Clint considered. “Only if you wear the vest.” He handed the vest to Andre and nudged him forward. “Take it to her. She puts it on, you’re free to go. Any funny business, and I blow you both up.”
Andre slowly walked toward her, his expression turning thoughtful as he measured his steps. She knew what he was thinking: how far would Clint’s detonator reach? Could they dump the vest and run fast enough to escape the explosion? Maybe if he threw it over the side into the courtyard below…his gaze angled that way and a frown filled his face. Too many people, including Jenna.
In the end, he stopped halfway between them and slid the vest on, snapping the padlock that secured it shut.
“Andre, no!” Vest or no vest, she rushed to him.
“Only way.” His voice was low, for her ears alone. “Tell Jenna—”
“She knows.” Lock picks, she needed lock picks. Damn it. She’d lost her barrettes, her sunglasses, anything useful. “Why—”
“You know why. I’m sorry no one’s told you before now. It shouldn’t be this way. You deserve better, Morgan.”
She blinked hard against tears. She didn’t cry, she reminded herself. She never cried. “I don’t understand.”
He was backing away, almost to Clint. “Because you’re family. And you’re worth it.” Clint grabbed him by the arm. “Never forget that, Morgan Ames.”
Clint pulled him to the stairs. Morgan reached for her gun, but who was she going to shoot? Not Clint or he’d use the dead man’s switch to kill them all.
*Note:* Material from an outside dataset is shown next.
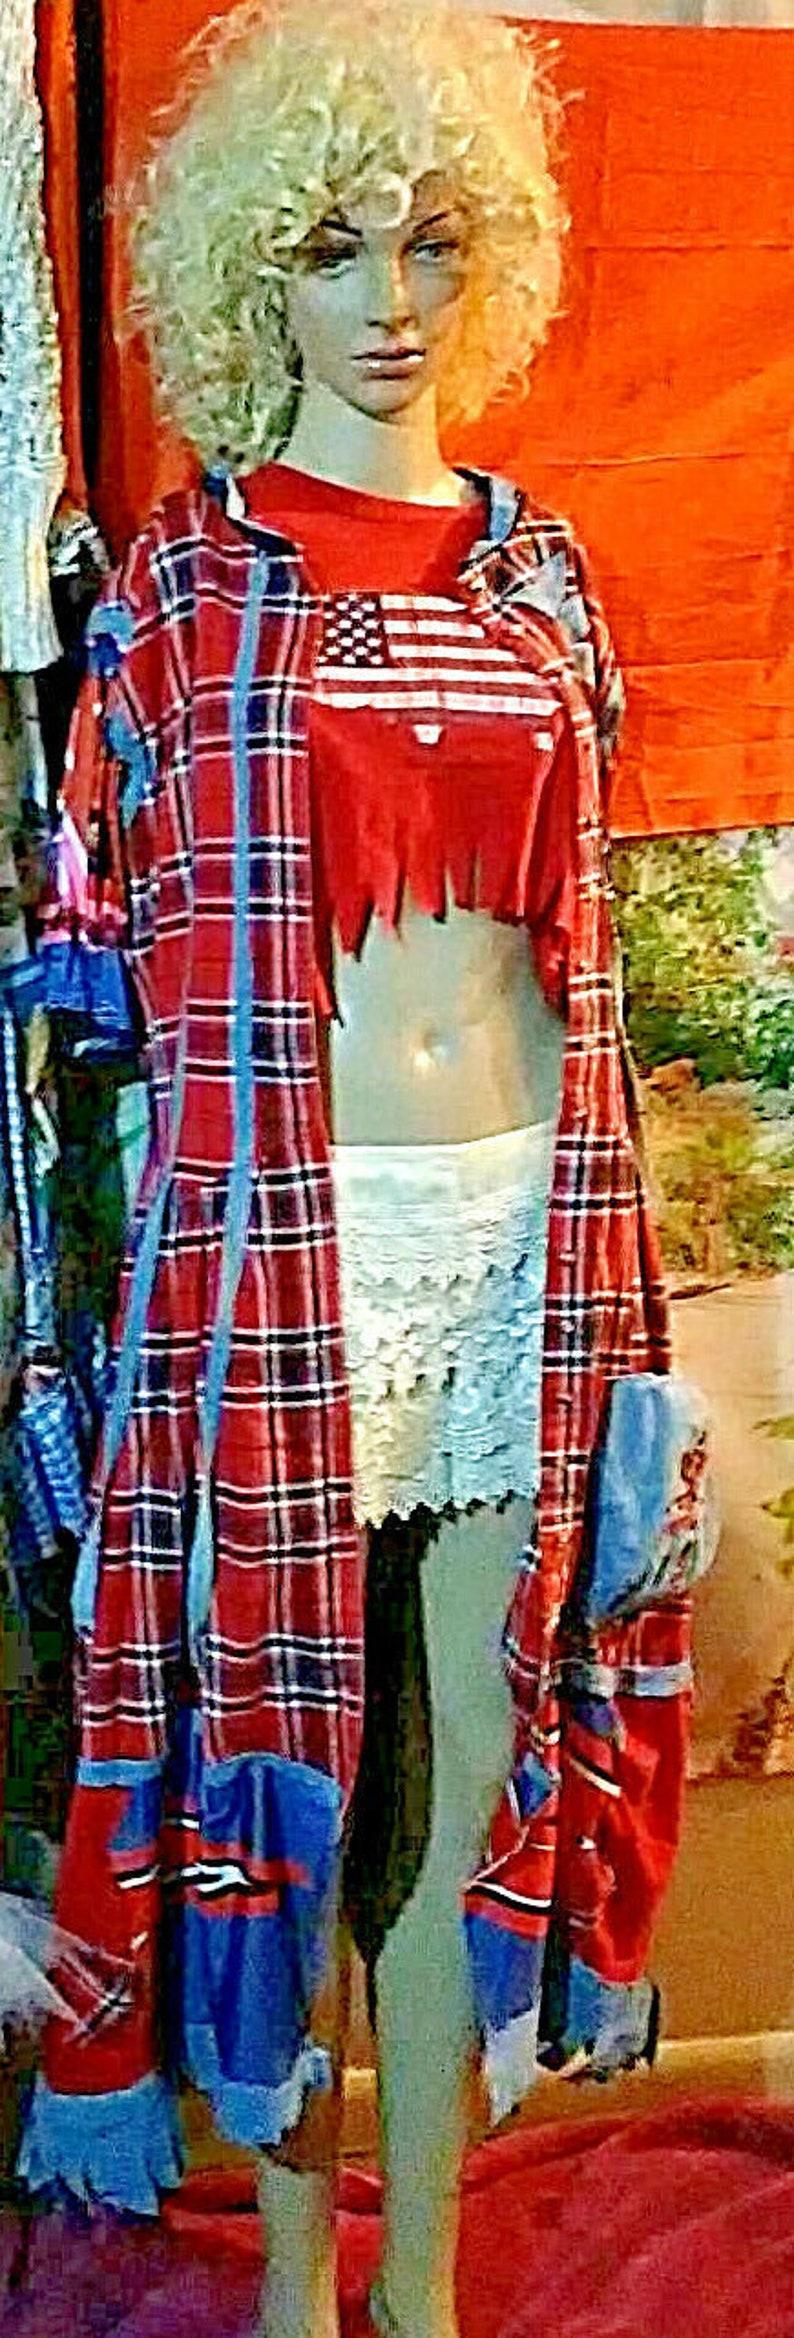 Sale,Free SHipp dress upcycled ooak dress tunic jacket Handmade dress country western boho dress tunic  gypsy,steampunk  Koolhanddesigns

Andre? It would be the humane thing to do, spare him whatever Clint had planned. She squeezed one eye shut, trying to lock in her aim, but her hand was trembling. Once again, she lowered the weapon in defeat. God help her, she couldn’t do it. She couldn’t take the shot.
They vanished down the stairs, and the world returned in a rush of noise so furious she staggered against the railing, fighting to remain upright. She watched Clint push Andre before him toward the exit.